EXERCISE AIM: In the records below, find the line with "Timbre Polynésie Française" and repeat exactly every line from it through the line with "Northern Wynter Music". Pictures stay out.

DATA EXTRACT:
-- Opening Marker --
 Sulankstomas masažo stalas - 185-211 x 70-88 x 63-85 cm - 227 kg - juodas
-- Closing Marker --
-- Opening Marker --
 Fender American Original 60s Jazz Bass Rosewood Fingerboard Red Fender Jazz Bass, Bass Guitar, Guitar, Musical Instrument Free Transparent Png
-- Closing Marker --
-- Opening Marker --
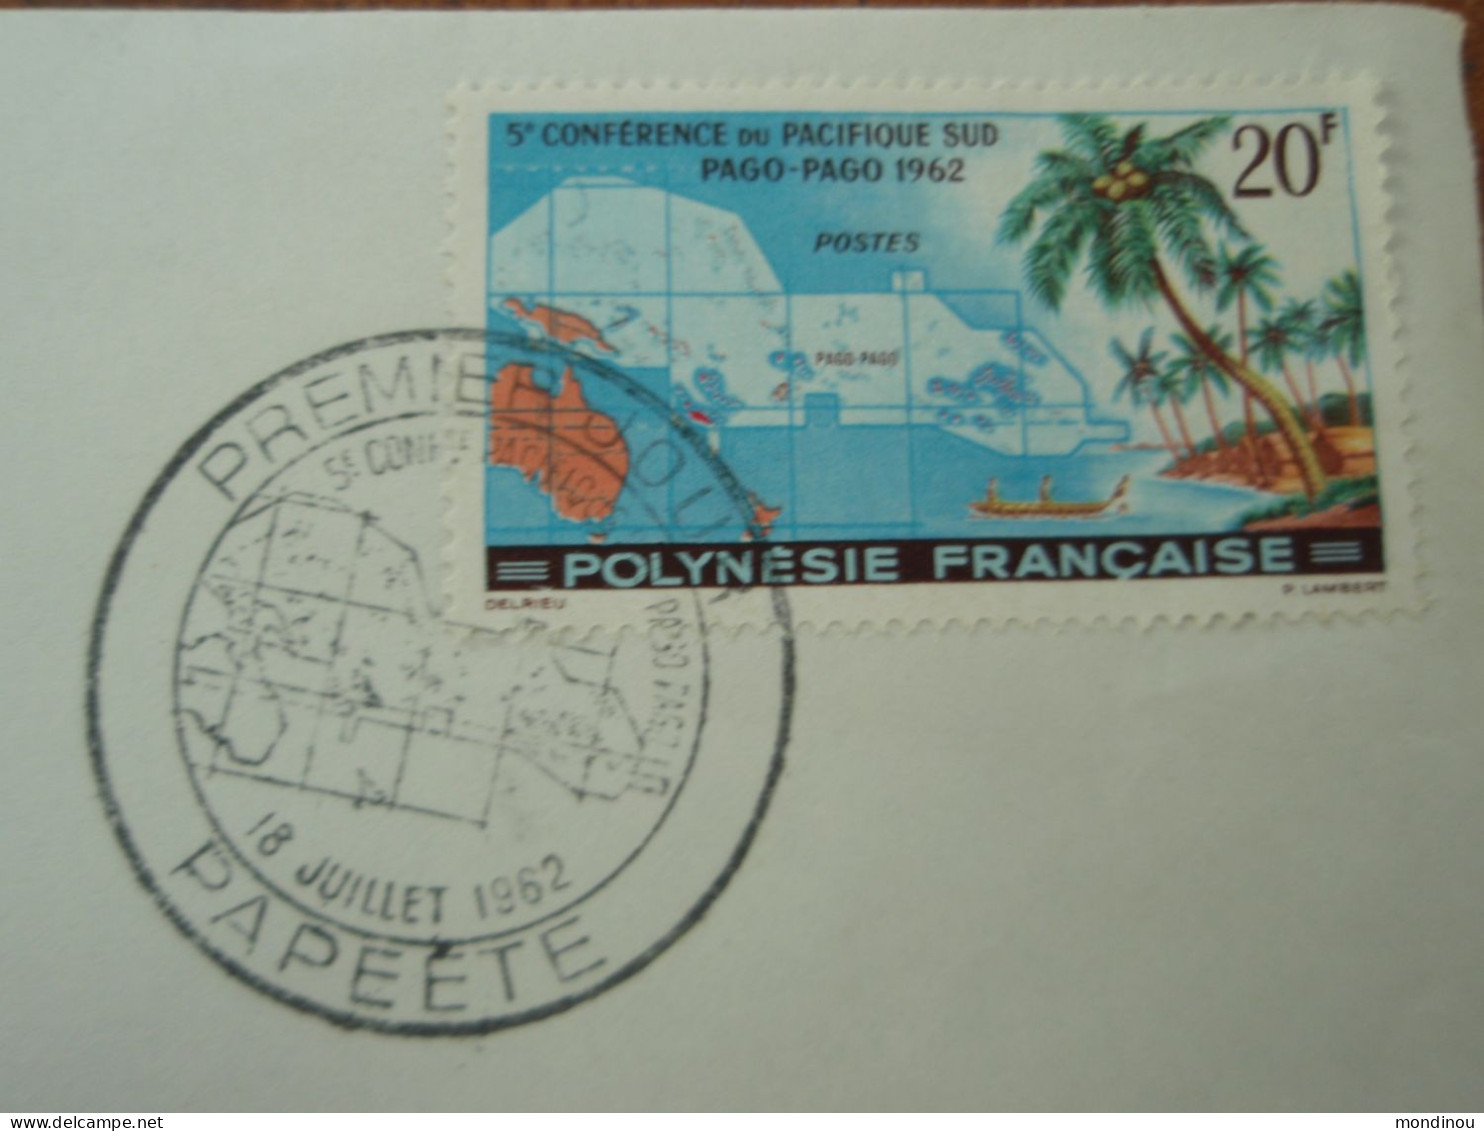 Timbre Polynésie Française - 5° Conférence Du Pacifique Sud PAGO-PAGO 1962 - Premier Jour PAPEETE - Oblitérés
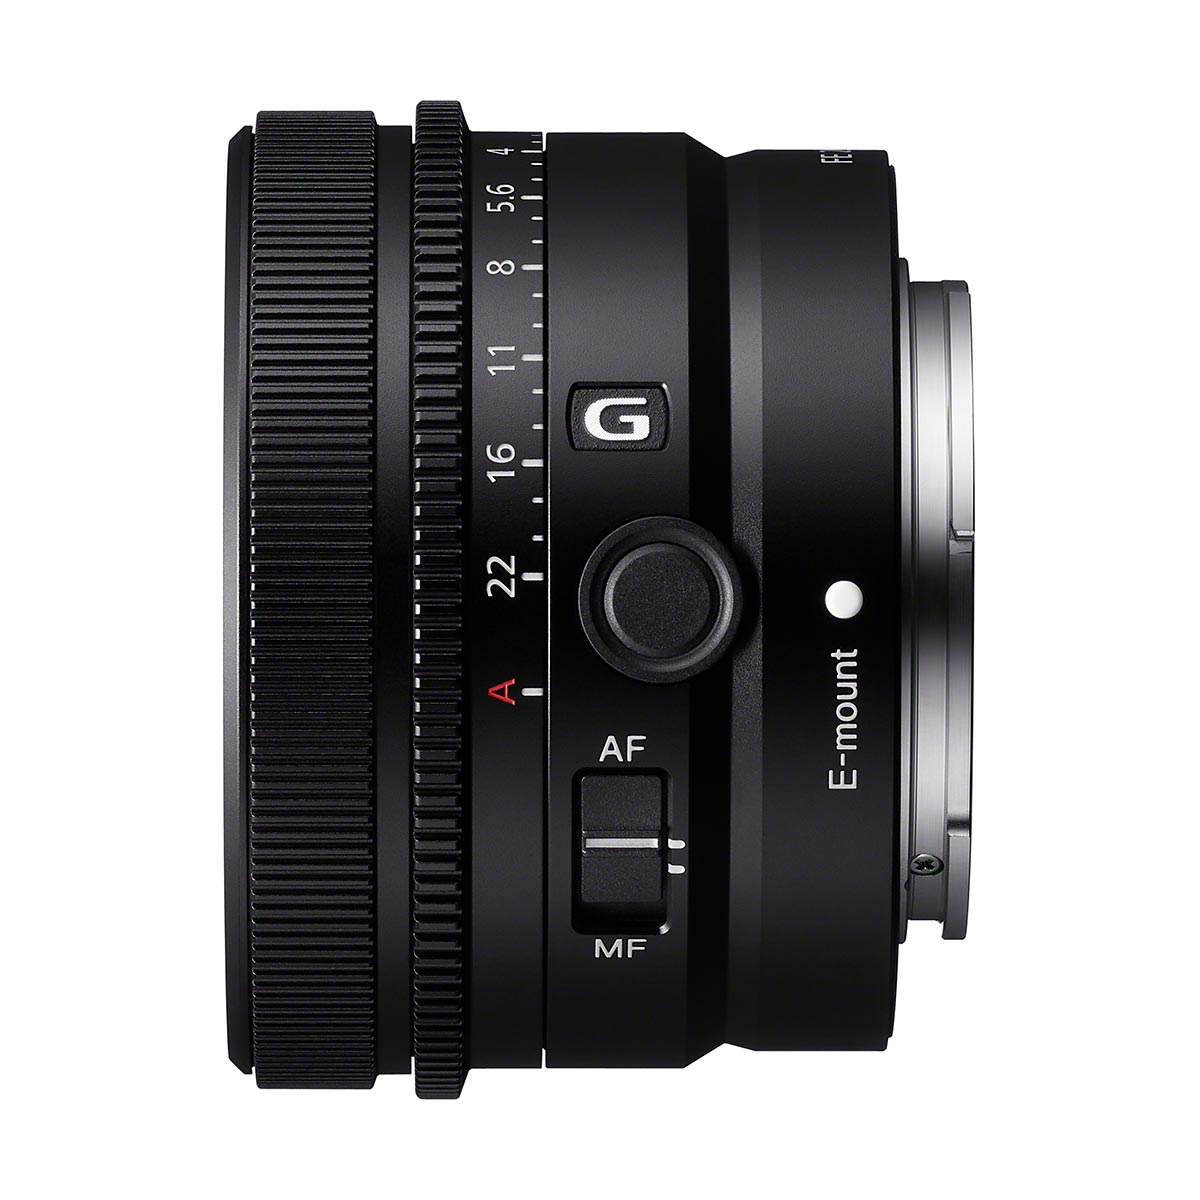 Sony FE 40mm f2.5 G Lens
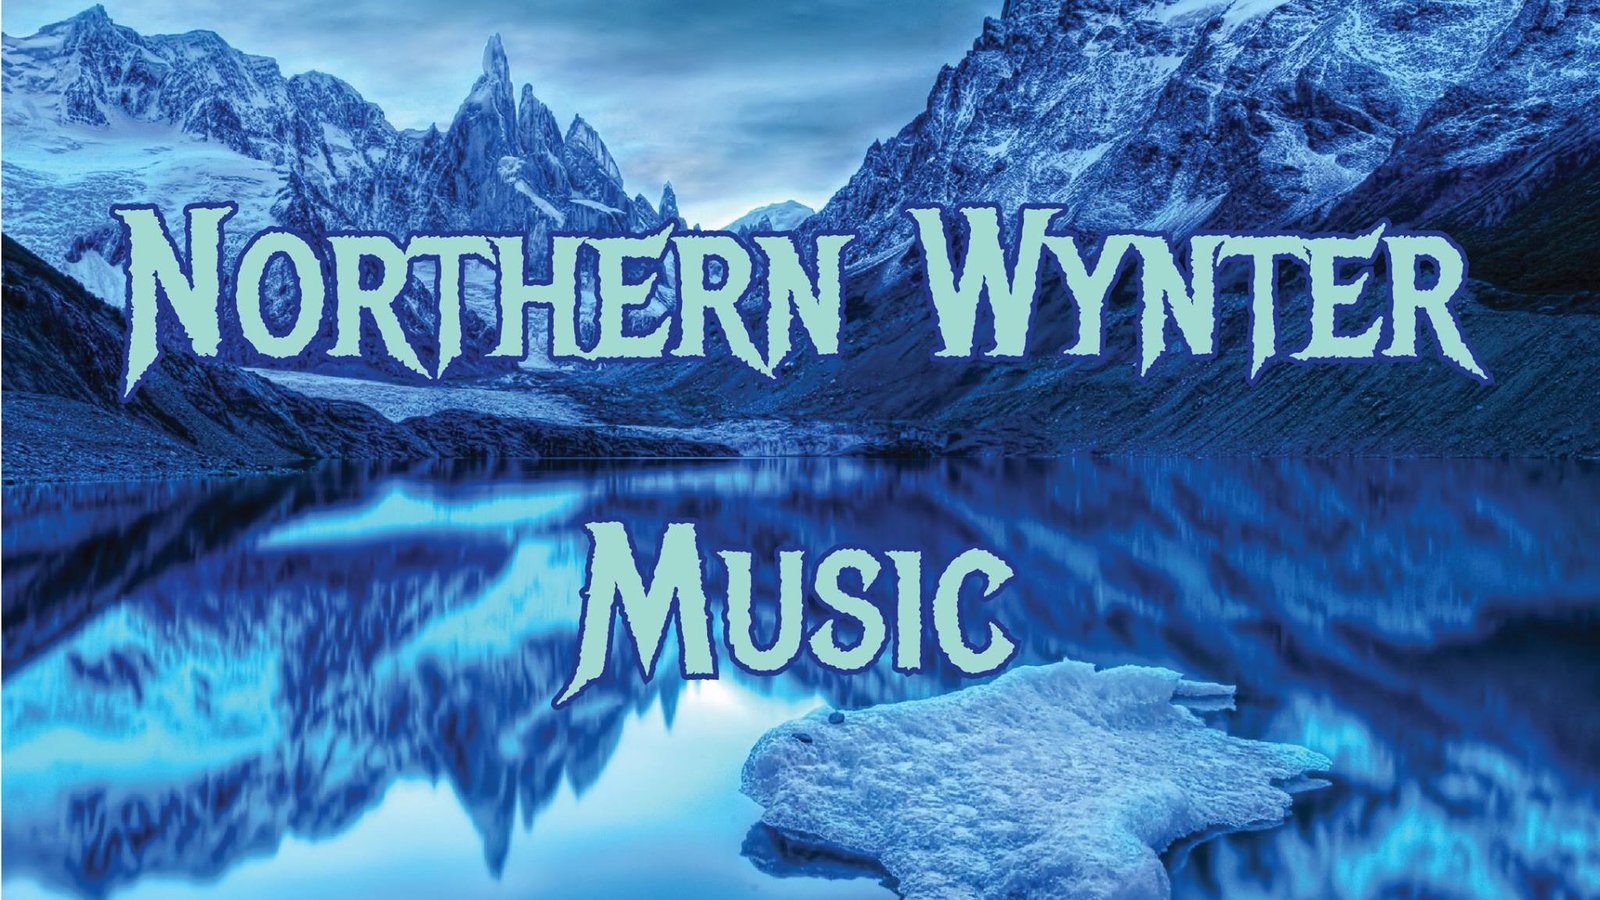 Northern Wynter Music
-- Closing Marker --
SOLUTION FOR THIS PROBLEM:
 Timbre Polynésie Française - 5° Conférence Du Pacifique Sud PAGO-PAGO 1962 - Premier Jour PAPEETE - Oblitérés
 Sony FE 40mm f2.5 G Lens
 Northern Wynter Music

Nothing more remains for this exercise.